A life her ex tried to snuff out. On March 11, 2012, he walked into her apartment and stabbed her 27 times.

Amazingly, Tompkins survived. She talked to Maxfield from her hospital bed, hoping to warn other women.

“If someone is threatening you, you take heed to what they are saying,” Tompkins warned.

A year later, she went to court and watched her attacker receive a 15-year sentence.

But when Maxfield decided to check in with Tompkins again, the news wasn’t happy. Despite multiple surgeries, the former high-school athlete can’t stand for long or make a fist. She’s still living with her mother, a difficult relationship that carries its own elements of abuse. But she takes joy in her kids and is determined their lives will be better.

Meanwhile, her assailant is eligible for parole in two years.

Jen Maxfield reporting on a 100 degree day in 2013 (Courtesy of the author)

And, in some cases, when Maxfield returned to these stories, she found their outcomes were still unfolding.

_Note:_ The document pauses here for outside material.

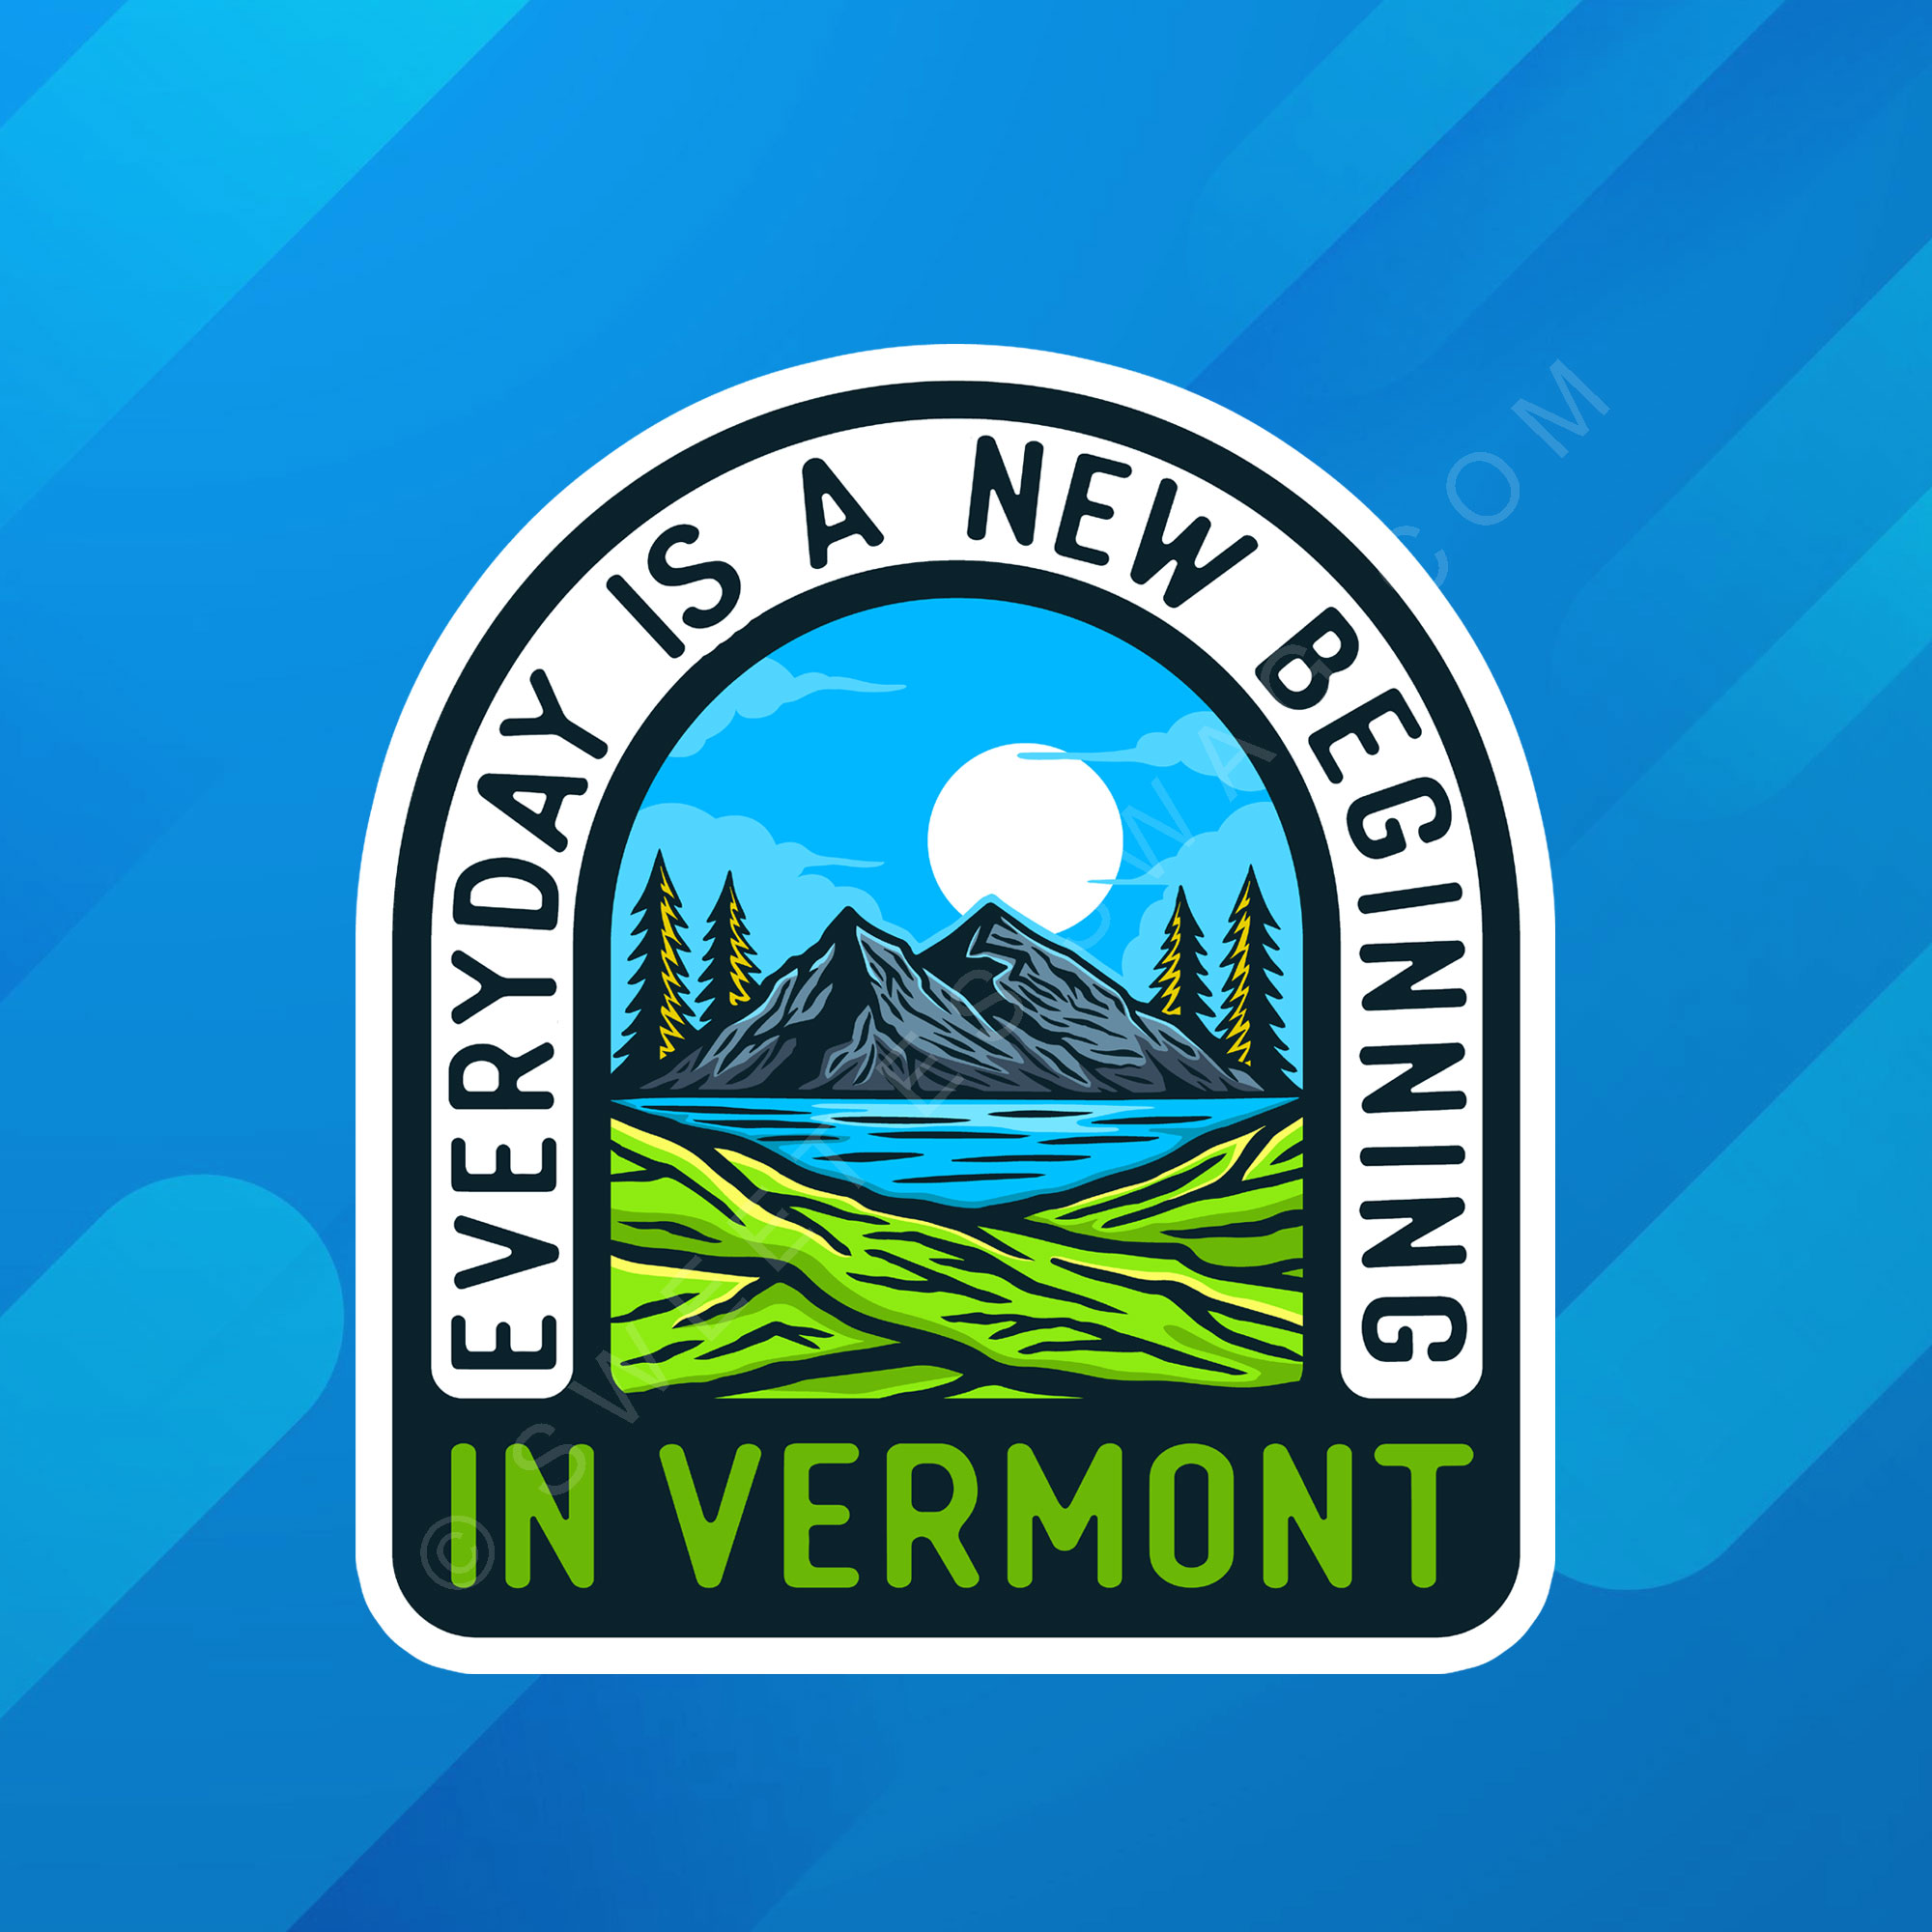 Vermont "Everyday is a New Beginning" Laptop Water Bottle Sticker

On May 7, 2018, Maxfield was reporting on a bridge opening in New Jersey when her station called. There was a school bus accident on Route 80. They didn’t know which school, but her crew needed to get there. Now.

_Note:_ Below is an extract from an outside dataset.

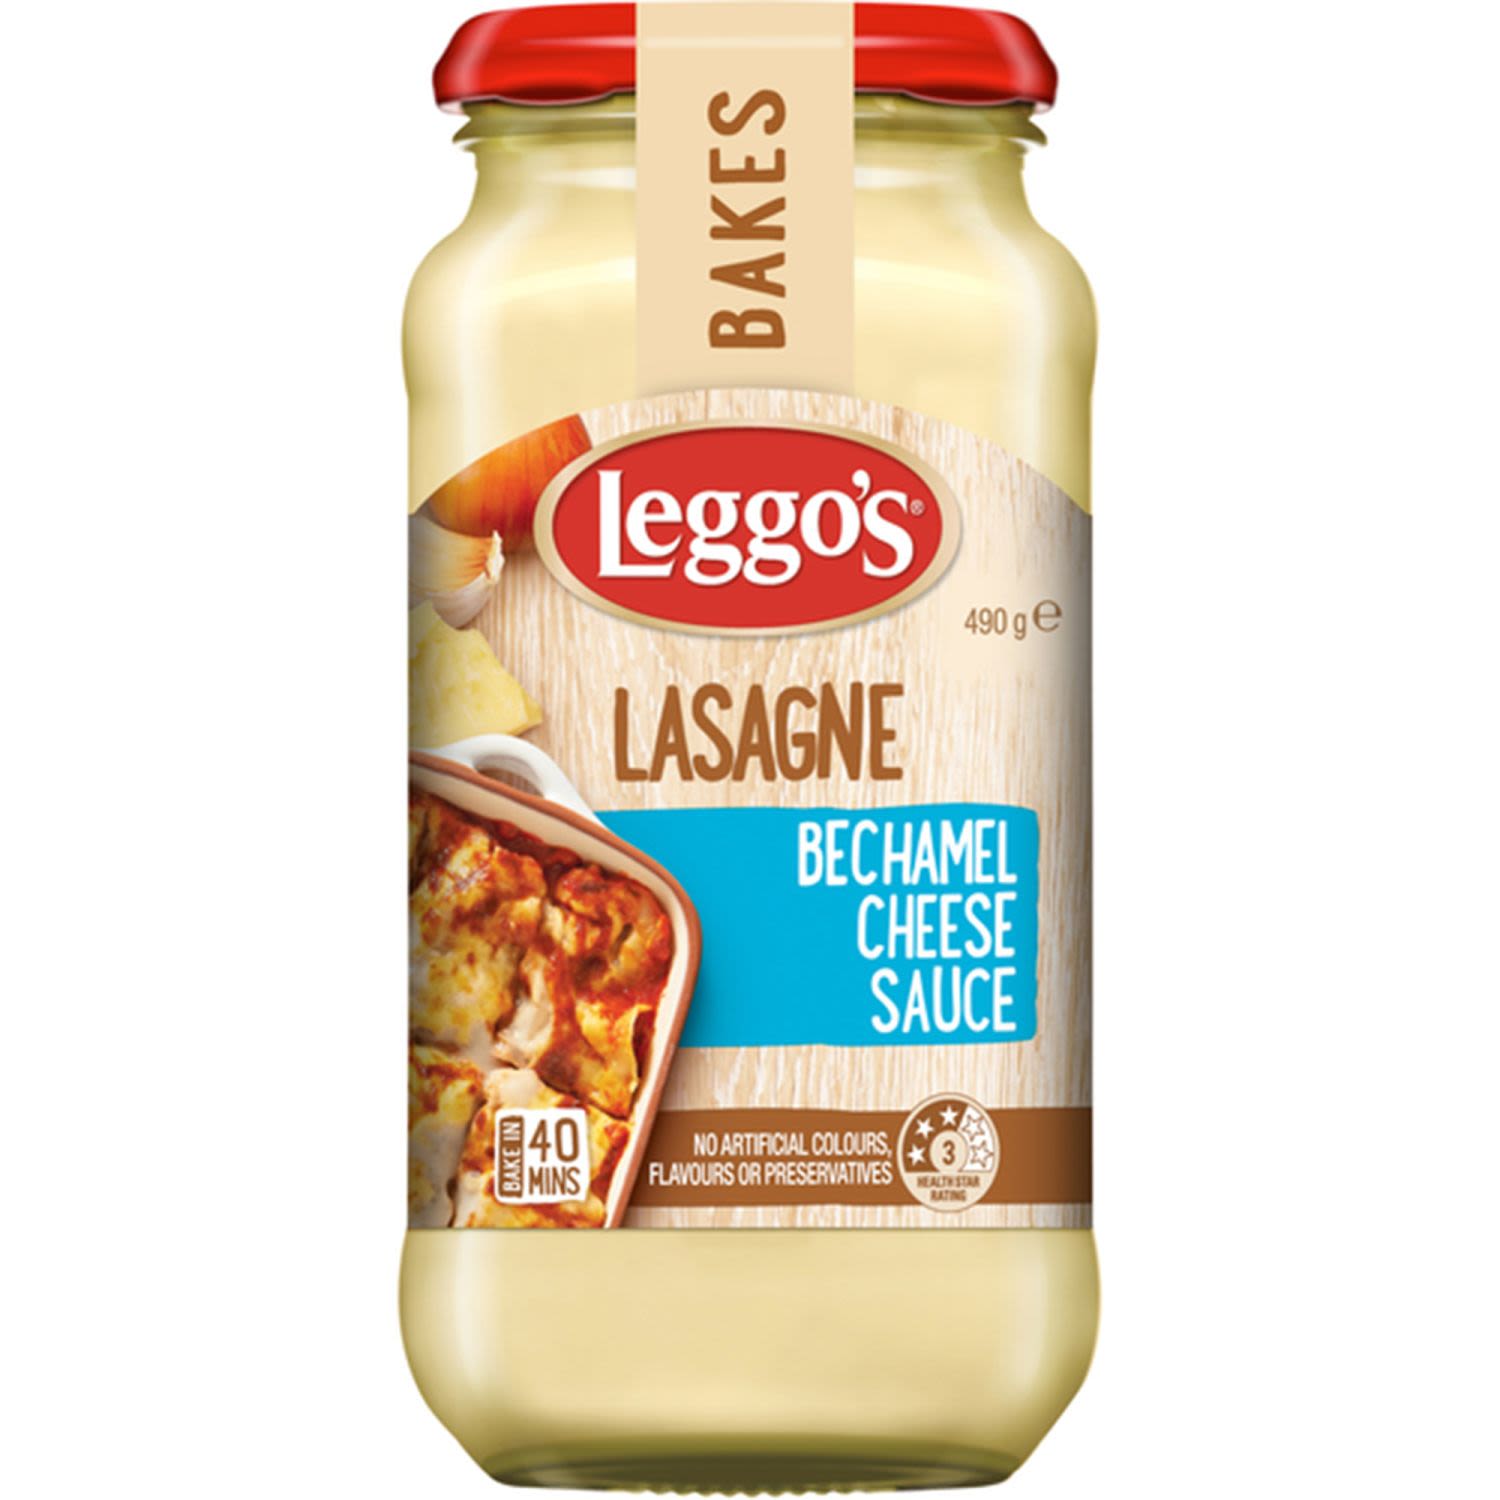 Leggo's Lasagne Bake White Sauce With Tasty Cheese | IGA Shop Online

First, Maxfield and the cameraman did what any parent would do – they called home to make sure their own children were safe. Then they switched back to journalist mode and sped to the scene.

The bus was transporting 38 children from East Brook Middle School in Paramus on a field trip. Then, the bus driver – whose license had been suspended 14 times – missed the exit. He tried to cross three lanes of traffic just as a 15-ton dump truck came barreling down.

The crash tore the bus in two. Children went flying onto the highway. Two passengers were killed, a fifth-grader and a teacher.

Maxfield got the story, but it was a horrendous one. Although it’s part of the job, no one wants to interview traumatized children or distraught parents. Maxfield got the footage she needed for the evening news but drew the line at interviewing anyone at the little girl’s funeral later.

“I can’t say there is a set moral code, or even a hierarchy for covering a tragedy,” she writes. “But pursuing parents on the day they bury their child feels unforgivable.”

Although Maxfield had permission to interview the dead child’s best friend, Zaina Matahen, 10, after the crash, the girl had been too withdrawn to say much. Maxfield continued to follow the case; the driver was eventually sentenced to 10 years. But Maxfield wondered how Zaina was doing.

Zaina Matahen and Jen Maxfield (Courtesy of the author)

When they reconnected, the child was 13 and a whirlwind.

After the crash, she became an advocate for the students and for her dead friend. She convinced Gov. Phil Murphy to exempt her school from that year’s standardized tests. Zaina continues to push for laws that would put GPS equipment and safety belts on school buses.

She still misses her friend. Her family is moving now, and Zaina says that’s a relief. She could still see the girl’s backyard when she looked out of her bedroom window. “You don’t always want to be reminded that your best friend is dead,” she says.

But then Zaina talks about her hopes to attend Stanford University, and become a pediatrician. Like all of the survivors in this book, she’s trying to look ahead.

“You can’t change the past,” she says. “But you can change your future.”